25. The counter of claim 24, wherein the clock restoration circuit comprises:

a first restoration circuit that restores the first to fourth internal signals based on the first to eighth bits; and

a second restoration circuit that restores the first and second clock signals and the input clock signal based on the first to fourth internal signals.

26. The counter of claim 25, wherein the first restoration circuit comprises:

a first XOR gate that outputs a restored first internal signal in response to the first bit and the third bit;

a second XOR gate that outputs a restored second internal signal in response to the second bit and the fourth bit;

a third XOR gate that outputs a restored third internal signal in response to the fifth bit and the seventh bit; and

a fourth XOR gate that outputs a restored fourth internal signal in response to the sixth bit and the eighth bit.

27. The counter of claim 25, wherein the second restoration circuit comprises:

a first XOR gate that outputs a restored first clock signal in response to the first internal signal and the third internal signal;

a second XOR gate that outputs a restored second clock signal in response to the second internal signal and the fourth internal signal; and

a third XOR gate that outputs a restored input clock signal in response to the restored first clock signal and the restored second clock signal.

28. The counter of claim 1, wherein the counting signal includes 2k (K is a natural number greater than 1) bits, and the counting circuit comprises:

a first counting unit that executes a counting operation and outputs first to fourth internal signals, in response to the first and second clock signals;

a second counting unit that executes a counting operation and outputs the first to 2K bits, in response to the first to fourth internal signals.

29. A two bit counter comprising:

a first inverter that inverts an input signal and outputs an inverted input signal; and

a counting circuit that executes a counting operation in response to the input signal and the inverted input signal and outputs a counting signal in response to the first and second clock signals, wherein each value from zero (0) to four (4) is outputted every 4 cycles of the input clock in a non-consecutive, non-monotonically increasing or decreasing fashion, the counting circuit comprising:

a first flip-flop that receives an output signal in response to the input signal and outputs the first bit; and

a second flip-flop that receives the first bit in response to the inverted input signal and outputs the second bit and the output signal having a logic value opposite to that of the second bit.

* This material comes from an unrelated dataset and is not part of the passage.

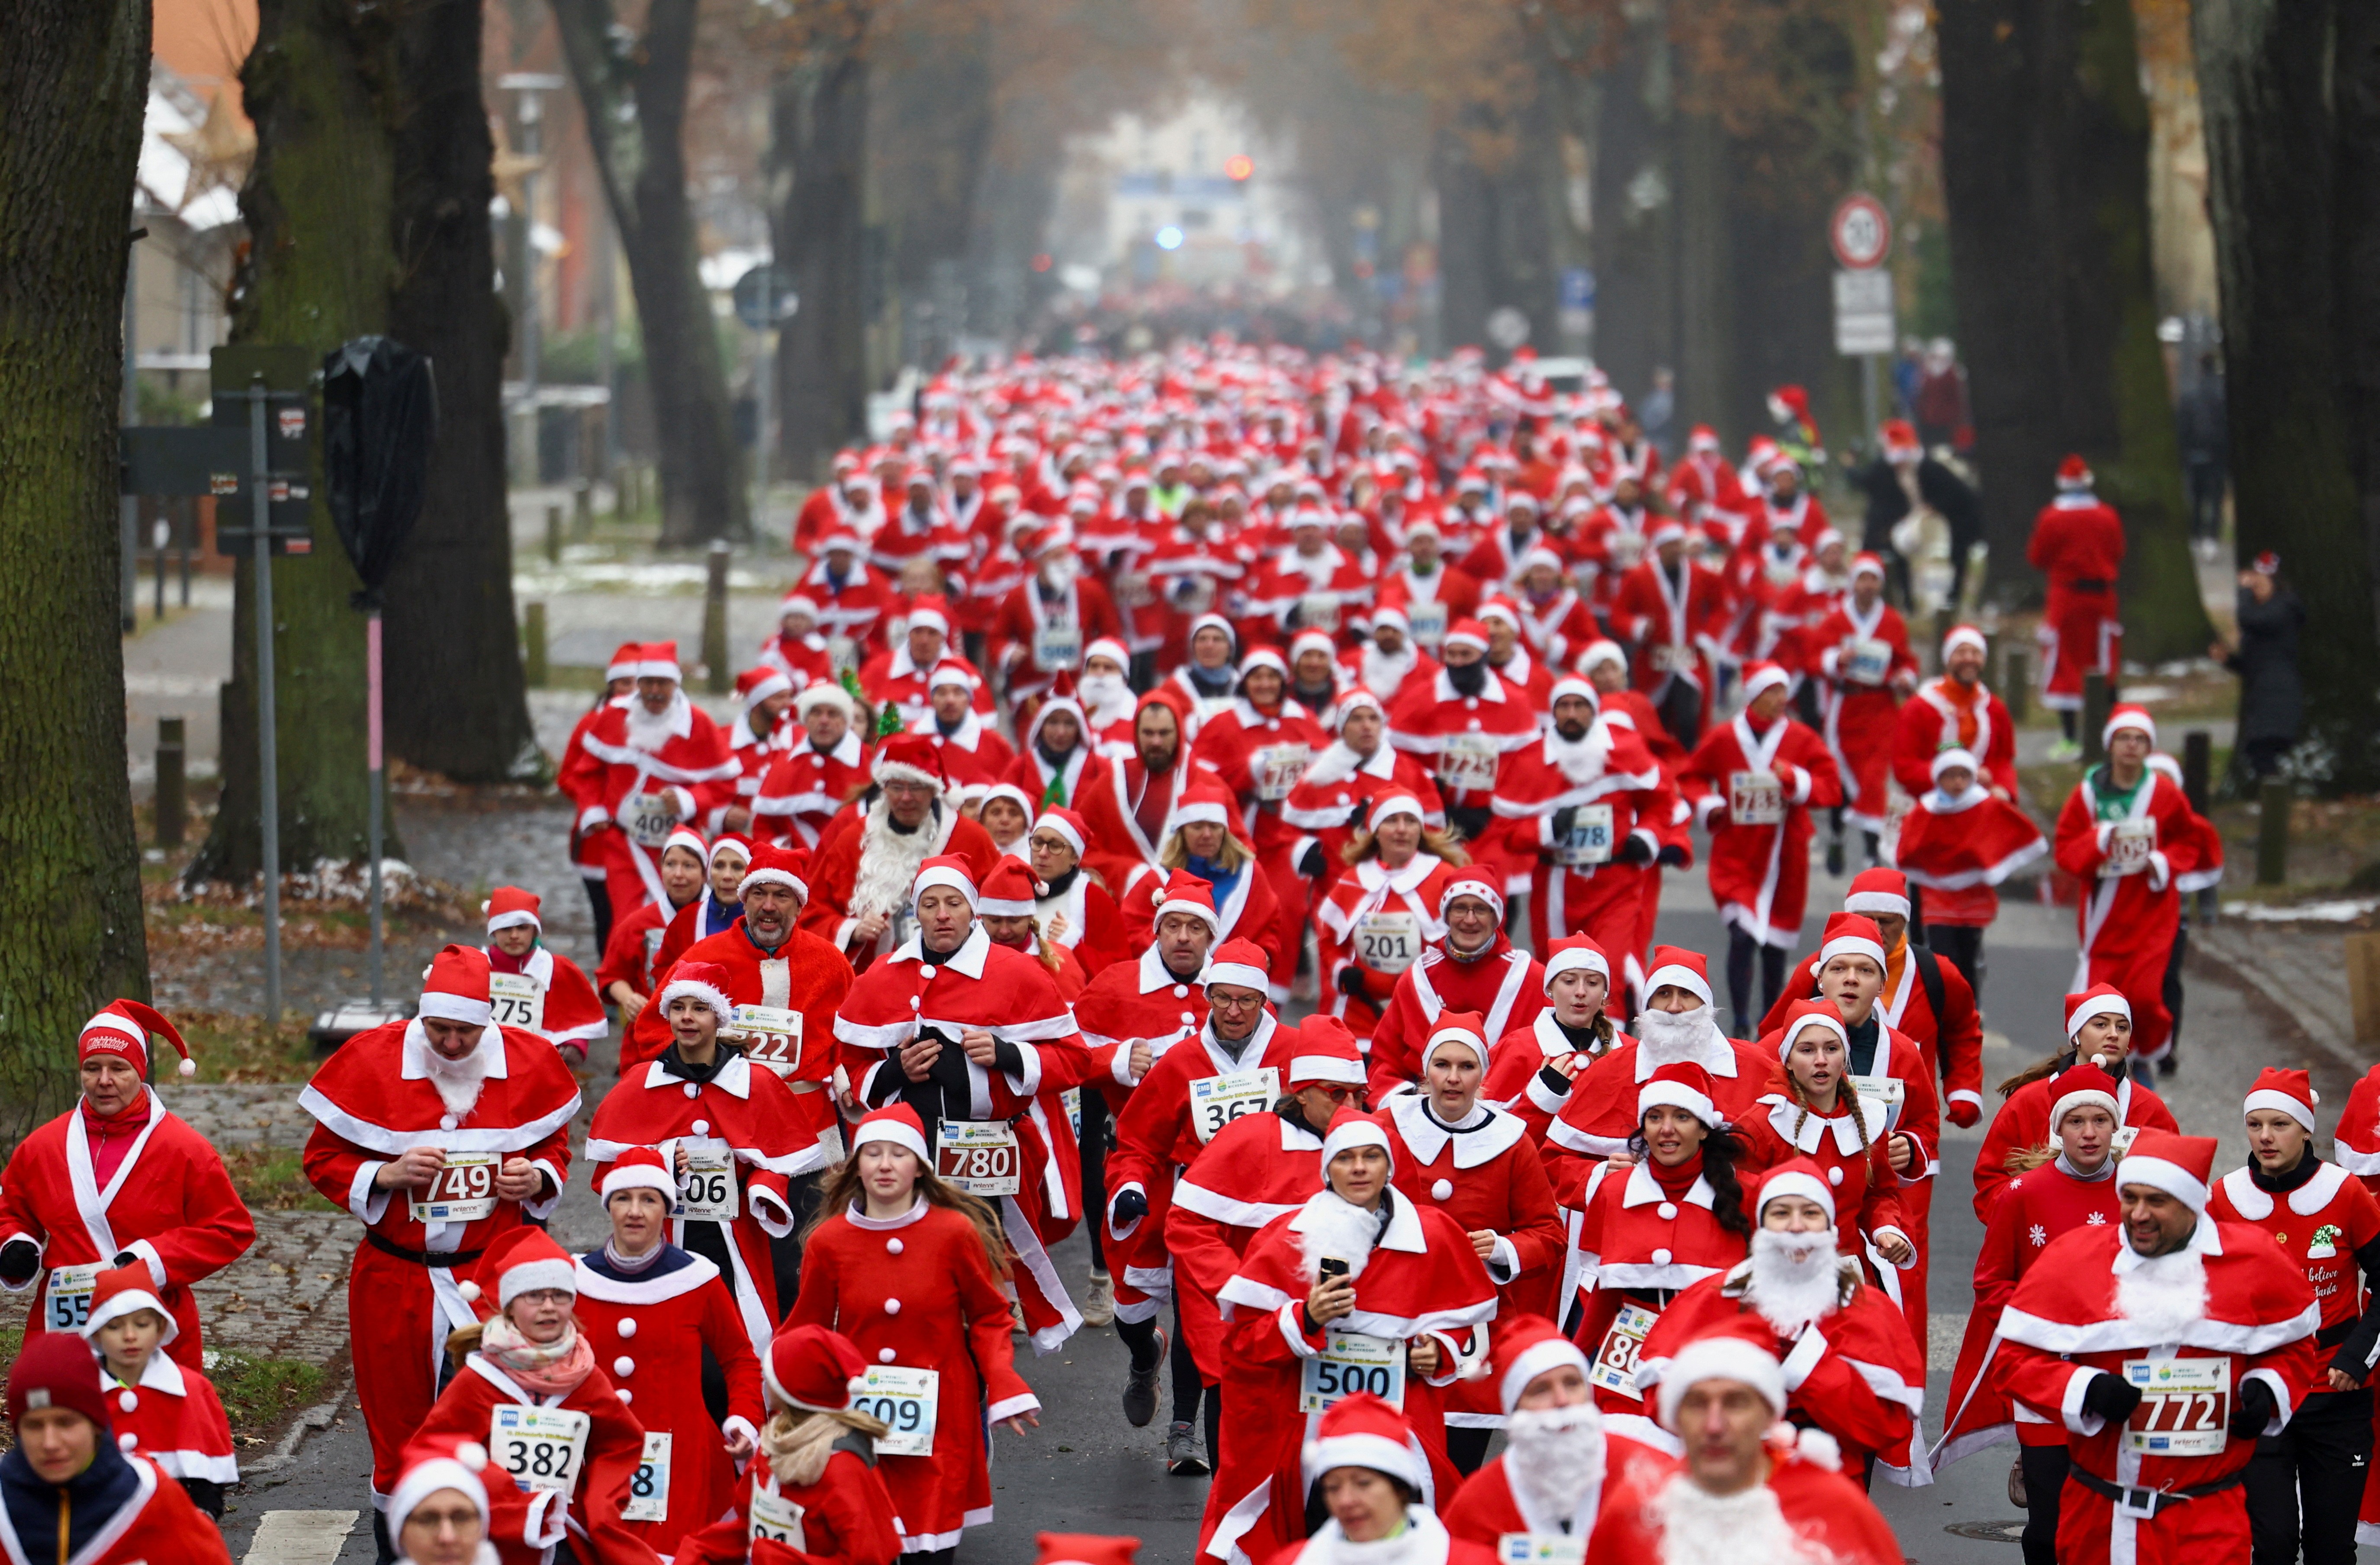 FOTOS: Pessoas se vestem de Papai Noel em corrida na Alemanha

30. A four bit counter comprising:

a clock generator that generates first and second clock signals with different phases based on an input clock signal; and

a counting circuit that executes a counting operation and outputs a counting signal in response to the first and second clock signals, wherein each value from zero (0) to 2n minus one (1) is outputted every 2n cycles of the input clock in a non-consecutive, non-monotonically increasing or decreasing fashion, the counting circuit comprising:

a first inverter that inverts the first clock signal and outputs an inverted first clock signal;

a second inverter that inverts the second clock signal and outputs an inverted second clock signal;

a first flip-flop that receives a first output signal and outputs the first bit in response to the first clock signal;

a second flip-flop that receives the first bit, and outputs the third bit and the first output signal having a logic value opposite to that of the third bit, in response to the inverted first clock signal;

a third flip-flop that receives a second output signal and outputs the second bit in response to the second clock signal; and

a fourth flip-flop that receives the second bit, and outputs the fourth bit and the second output signal having a logic value opposite to that of the fourth bit, in response to the inverted second clock signal.